We did it, y’all! We made it through election season and we all deserve a crisp high-five. We broke midterm voting records!

Huh? What’s that you say? There are still a handful of races undecided? Florida has three contests going to recount?!  You’re right. This will never end.

Take cover from the perpetual politicking and party bickering over at A Beautiful Perspective, where we’ve got a whole new batch of TOUCH Issue stories on the hospital nurses healing with their hands, how ASMR got tied up with sex work and one of our favorite conversation starters: “Would you rather lose your sense of taste or your ability to determine texture?”

On to the news.  

Kevin Ku/Unsplash

Algorithms Unchained

Stop scrolling through whatever “feed” you’re currently skimming and contemplate how much of your life is determined by algorithms.
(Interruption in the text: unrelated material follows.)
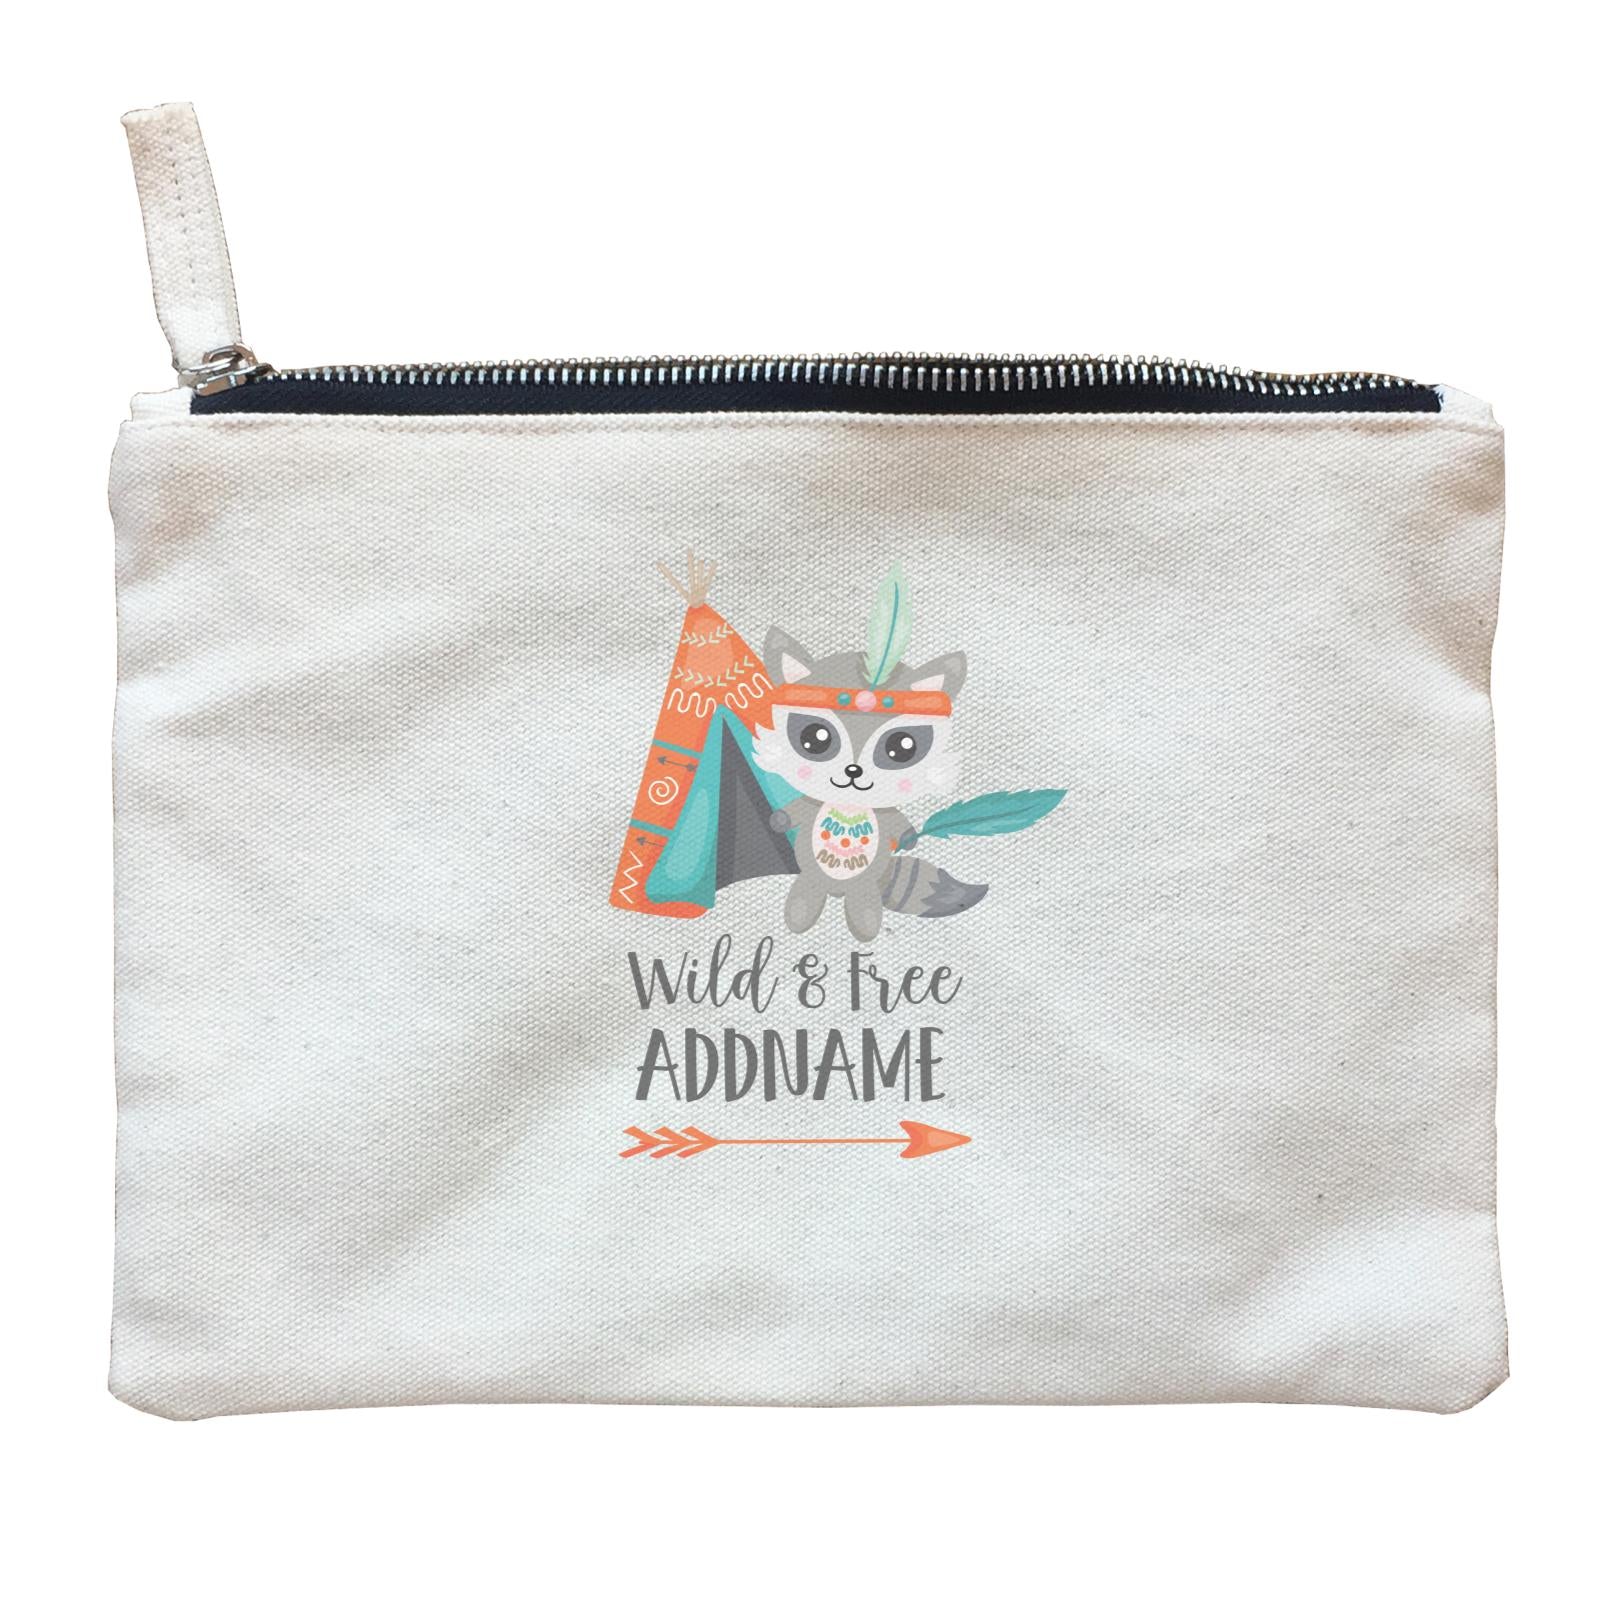 Cute Tribe Animals Raccoon Wild & Free Addname Zipper Pouch

Algorithms vet job candidates, determine prison sentences, judge screenplays, set insurance premiums, make medical diagnoses, pick the “friends” with whom you stay in contact and even calculate how much coffee is the right amount for each individual. Algorithms are the secret recipes governing how computers make decisions and solve problems, including what search results Google returns and who the IRS audits. Today, there are algorithms in the works that portend to predict crime.

An FDA for Algorithms: But who is watching the algorithms to make sure they’re achieving their purpose and being applied fairly?
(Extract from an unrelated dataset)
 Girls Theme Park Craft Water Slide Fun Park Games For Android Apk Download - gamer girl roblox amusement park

Mathematician Hannah Fry, a professor at University College London and author of the book Hello World: Being Human in the Age of Algorithms, argues the time has come for algorithms to be more transparent and regulated.

Just as the Food and Drug Administration tests prescription meds for their efficacy and safety, Fry argues there should be a federal agency doing the same for algorithms, which are increasingly entwined with life’s decision-making processes.
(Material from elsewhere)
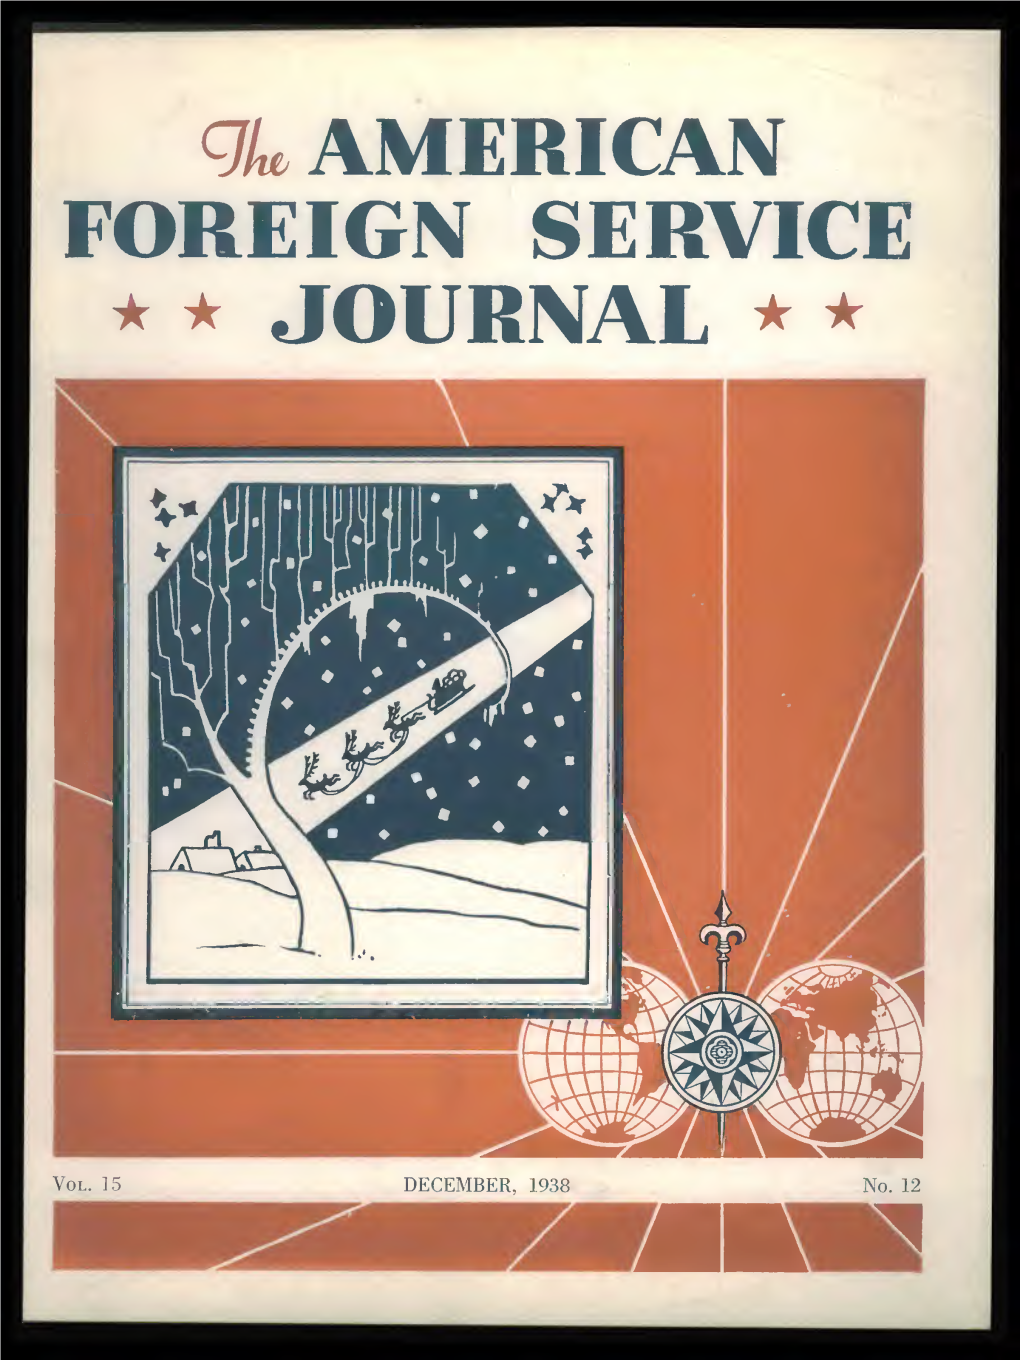 The Foreign Service Journal, December 1938

“You can harvest any data that you want, on anybody. You can infer any data that you like, and you can use it to manipulate them in any way that you choose,” Fry told National Geographic.  “And you can roll out an algorithm that genuinely makes massive differences to people’s lives, both good and bad, without any checks and balances. To me, that seems completely bonkers.”

Taking back control: As companies and governments gather more personal data and algorithms are increasingly employed in every facet of life, Fry says humans need to work more in concert with their creations and wield more control of how their data is deployed. Otherwise, a computer program could send you to jail or cost you your dream job.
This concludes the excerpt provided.